Purpose: This study aimed to compare the accuracy and reliability of four chatbot applications—Chat-GPT o1, Google Gemini Advanced, DeepSeek R1, and Perplexity AI—in the context of dental traumatology.
Methods: Twenty-five dichotomous questions, derived from the 2020 guidelines of the International Association of Dental Traumatology (IADT), were administered by three independent researchers to each chatbot over a 10-day period. Each question was asked three times per day, generating 90 responses per question. Responses were categorised as “correct,” “incorrect,” or “refer to a practitioner.” Accuracy rates and Fleiss’ Kappa values were calculated to assess performance and interresponse reliability.
Results: All chatbot models demonstrated high levels of accuracy.

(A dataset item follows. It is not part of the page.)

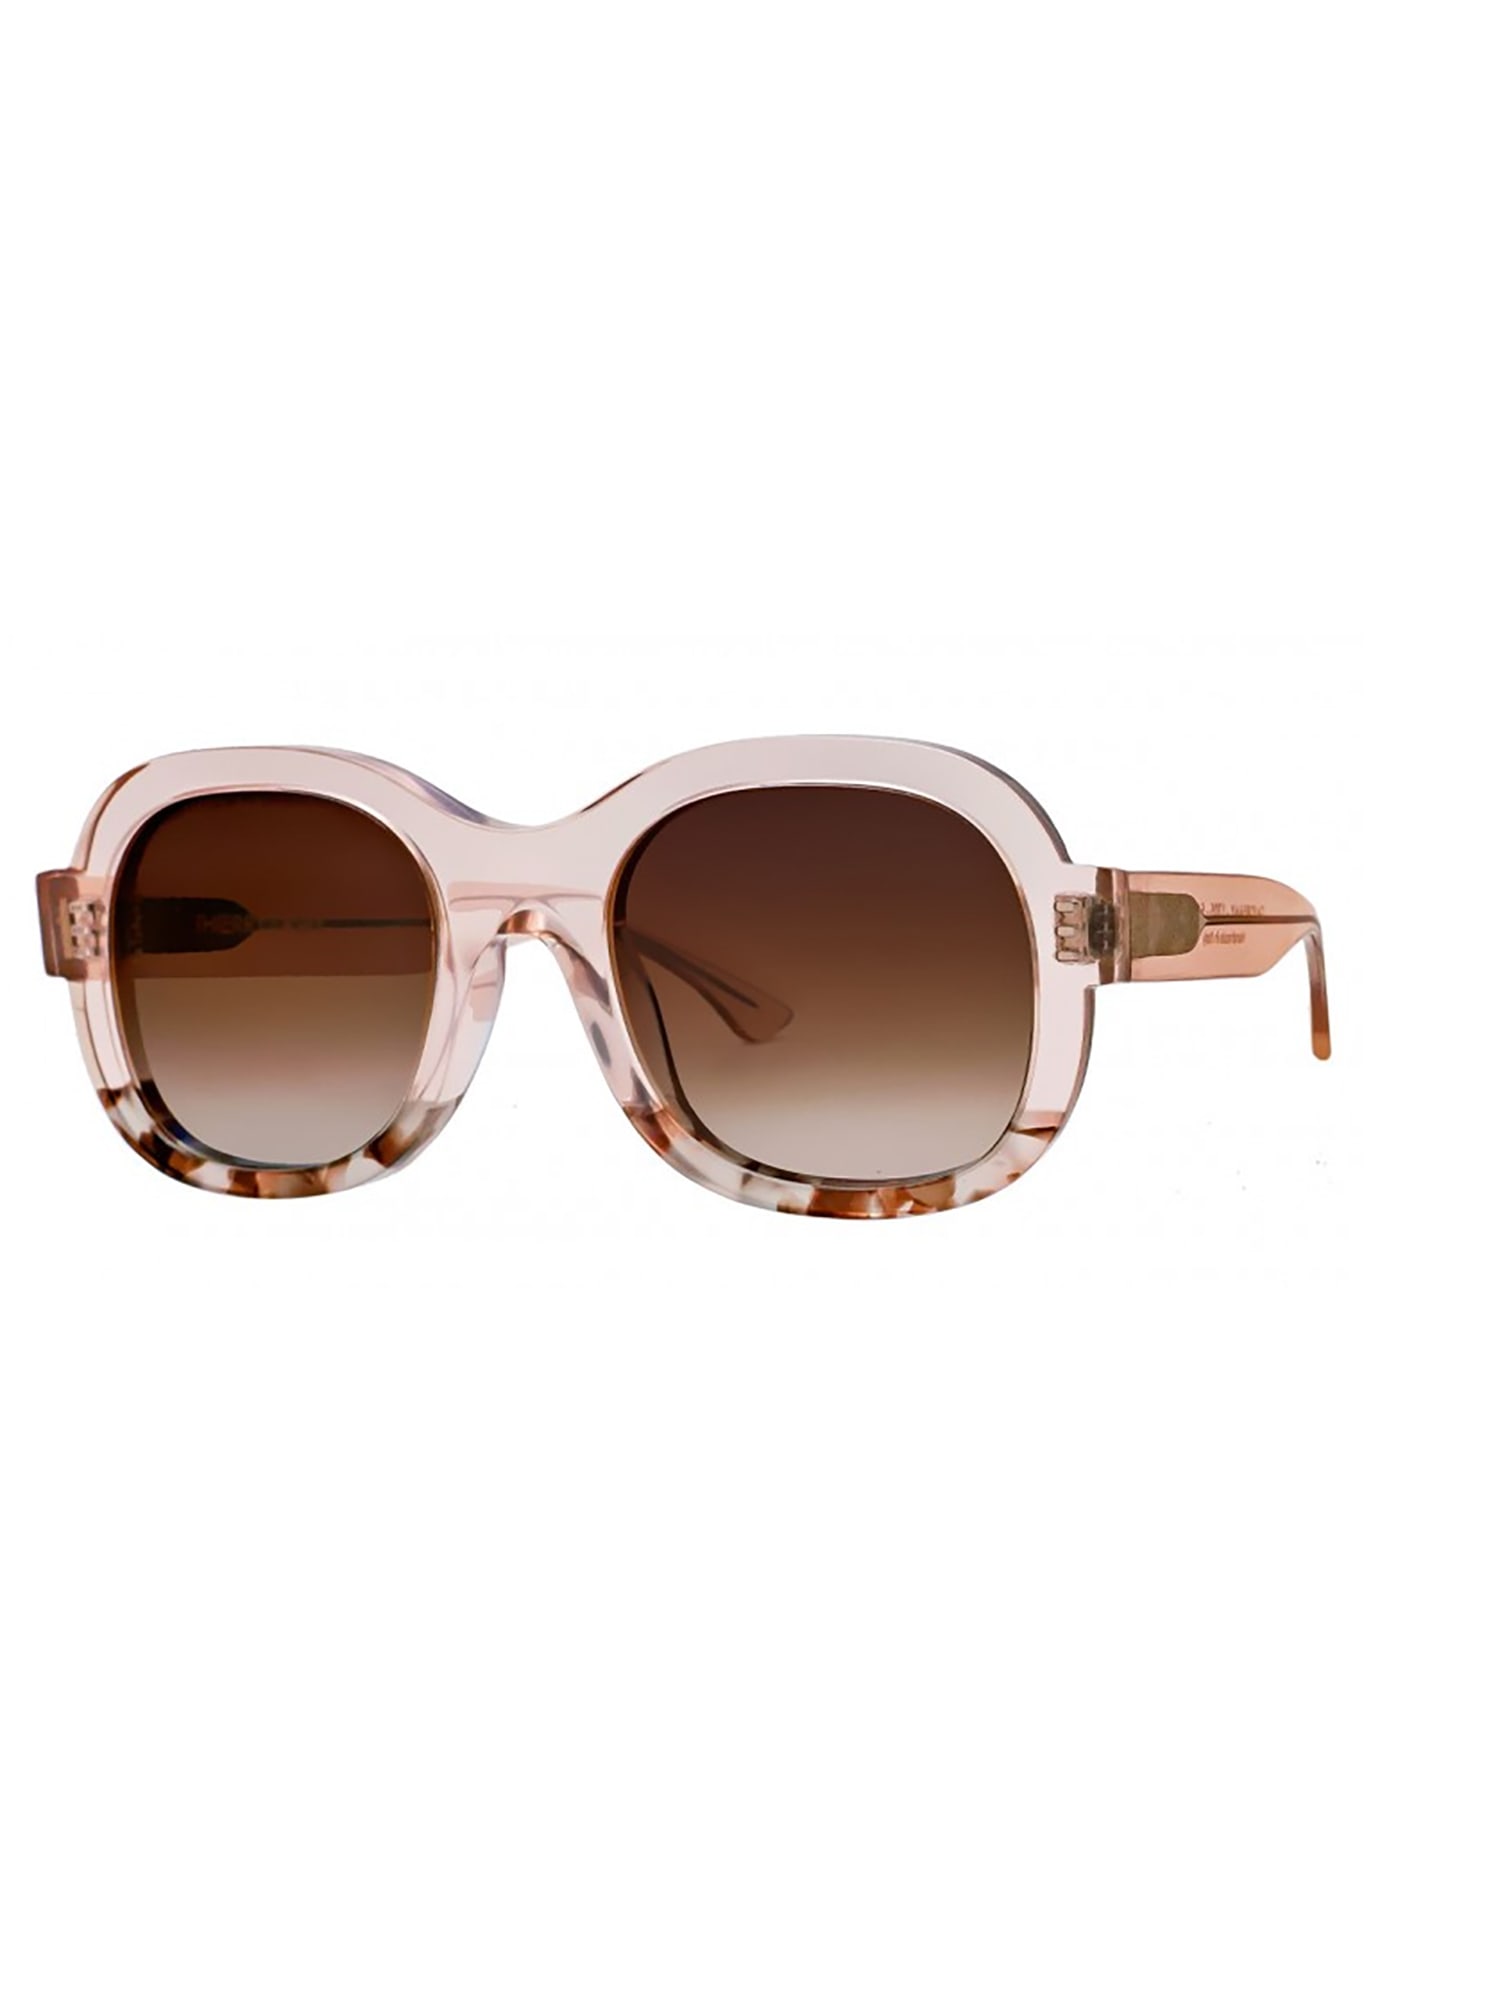 Shop Thierry Lasry Daydreamy Sunglasses

ChatGPT o1 yielded the highest accuracy rate (86.4%), followed by DeepSeek (84.0%), Perplexity (80.5%), and Google Gemini Advanced (80.2%). The highest Fleiss’ Kappa value was observed in the DeepSeek model (0.709), indicating the greatest internal consistency, while the Google Gemini Advanced model recorded the lowest value (0.185). Although DeepSeek and Perplexity exhibited relatively stronger reliability metrics, none of the models achieved complete consistency, with intra-platform variation occasionally present.
Conclusion: Contemporary chatbot models show substantial accuracy and improving reliability in responding to dental traumatology queries, suggesting their potential as clinical support tools. Nonetheless, further refinement and domain-specific optimisation remain necessary.